Dalam kesempatan tersebut, Menhub mengarahkan Direktorat Jenderal Perhubungan Laut untuk tidak berpuas diri dan bertindak lebih baik untuk kemajuan bidang maritim Indonesia.

“Tidak cukup sampai di situ, karena akan lebih berhasil apabila tingkat keterisian kapal menjadi lebih besar, pemanduan kapal dapat dimanfaatkan oleh banyak orang dan keterisian Roro juga lebih besar,” jelas Menhub.

Menhub optimis pencapaian-pencapaian tersebut dapat menjadikan Indonesia sebagai Negara yang Mandiri di Bidang Maritim.

“Pencapaian tersebut sekaligus menunjukkan bahwa Indonesia mampu menjadi Negara yang Mandiri di bidang maritim, sehingga ke depan Pemerintah optimis mampu mengembalikan kejayaan Indonesia sebagai bangsa maritim yang besar dan sejalan dengan Program Nawacita Nasional yakni mewujudkan Indonesia sebagai Poros Maritim Dunia,” ujar Menhub.

Selain itu, Menhub juga menyoroti hal-hal yang menjadi catatan penting, diantaranya safety (keselamatan), integritas dan governance (tata kelola).

“Ada beberapa hal yang saya beri catatan; pertama, safety (keselamatan). Kita masih banyak kekurangan, oleh karenanya kita harus melakukan dengan cara yang lebih baik dan advance supaya kecelakaan-kecelakaan itu tidak terjadi lagi.

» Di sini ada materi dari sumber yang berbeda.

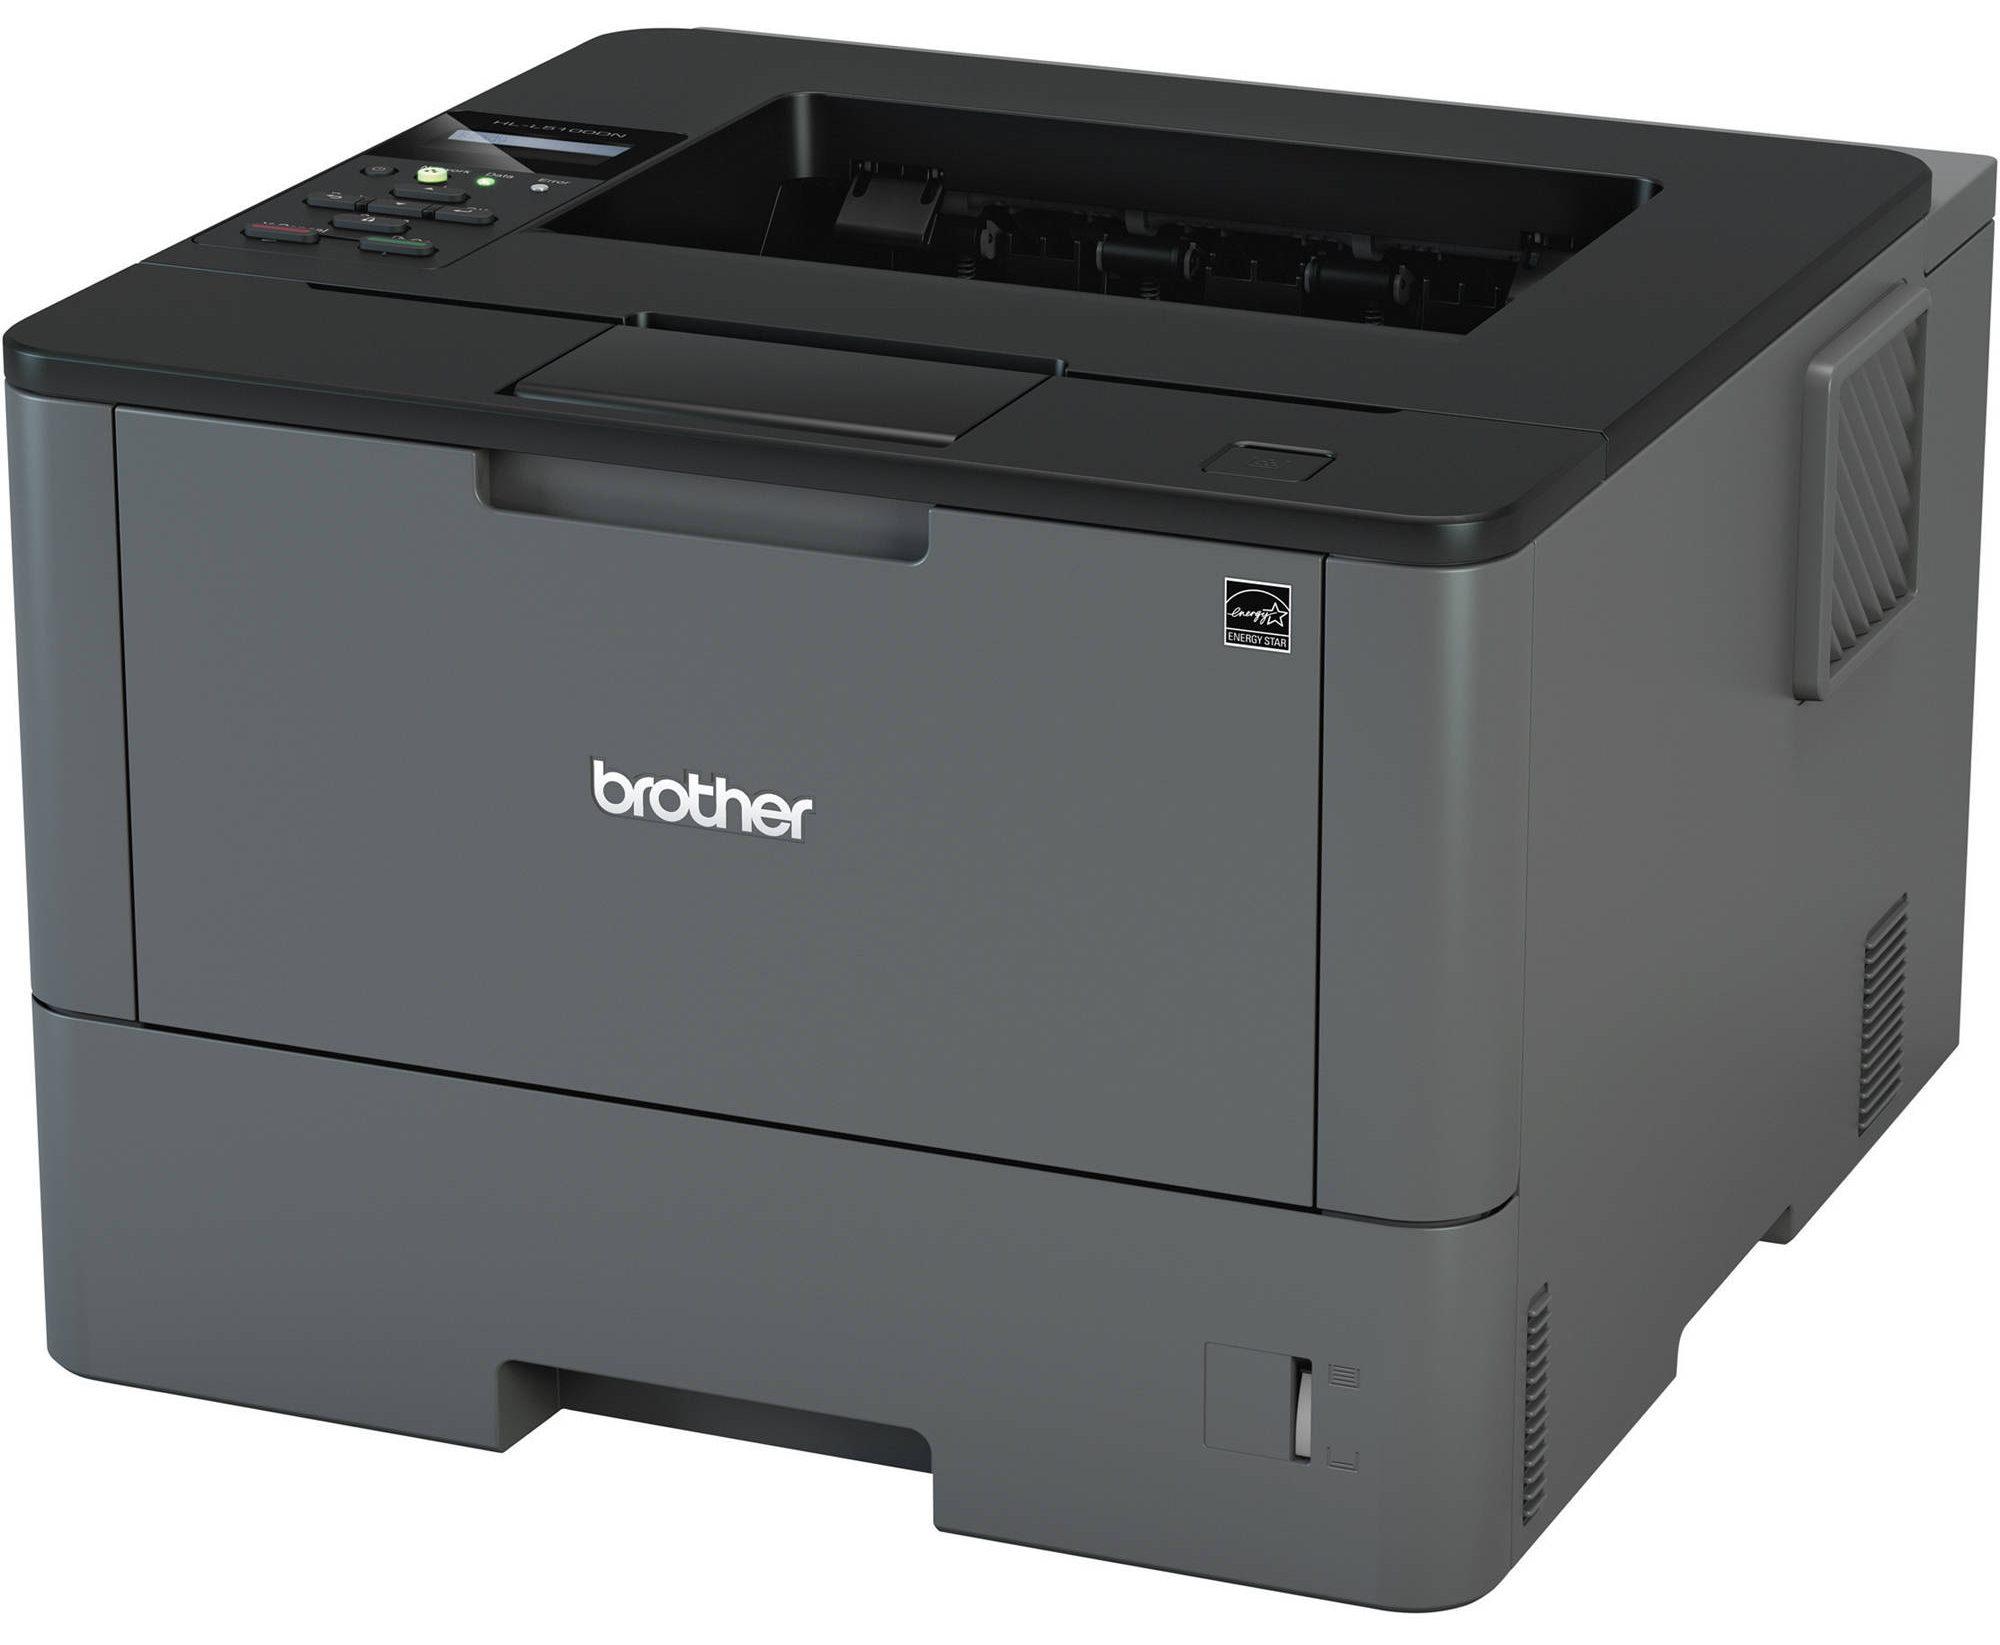 Máy in laser trắng đen BROTHER HL-L5100DN giúp hiệu quả công việc được tăng cao

Kedua, integritas dan governance (tata kelola). Kita bersama Polri sudah menemukan perbuatan yang tidak baik di Samarinda. Sekarang, kita punya tata aturan baru di mana ada pay ada service (ada pembayaran, ada pelayanan), bukan lagi no service but pay (tidak ada pelayanan, ada pembayaran),” jelas Menhub.

Menhub menegaskan akan menumpas kegiatan yang tidak baik seperti di Samarinda dan kota lainnya agar tidak dicontoh dan tidak terjadi lagi.

“Saya katakan mulai saat ini kita bersama-sama aparat penegak hukum untuk secara sistematis menumpas kegiatan yang tidak baik tersebut. Di tempat lain jangan coba-coba, karena kita sudah ingatkan beberapa kali, kejadian Medan, Surabaya, Jakarta, Samarinda,” tegas Menhub.

Sementara itu, Rapat kerja yang bertema “Melalui Rapat Kerja Direktorat Jenderal Perhubungan Laut Tahun 2017, Kita Raih Kemandirian Maritim Menuju Poros Maritim Dunia” ini diharapkan dapat mendorong partisipasi aktif dari seluruh instansi dan stakeholder maritim terkait baik swasta maupun BUMN dalam pelaksanaan pembangunan sektor transportasi laut.

“Maritim adalah salah satu tempat yang luas, banyak kepentingan, banyak juga hal-hal yang belum bisa kita kerjakan sendiri, termasuk keterbatasan APBN yang dimiliki Pemerintah. Oleh karenanya, kita butuh peran serta swasta dan BUMN dalam pembangunan sektor transportasi laut melalui terobosan-terobosan yang dapat memberikan manfaat besar bagi kesejahteraan masyarakat, seperti program Tol Laut dan Rumah Kita, Pemanduan di Selat Malaka, Direct Call Kapal CGM CMA dengan rute Tanjung Priok – Los Angeles/ Statutory Class oleh PT. Biro Klasifikasi Indonesia (BKI), dan yang terakhir Pembukaan Rute Pelayaran dari Davao Filipina ke Bitung,” tutup Menhub. (ANP)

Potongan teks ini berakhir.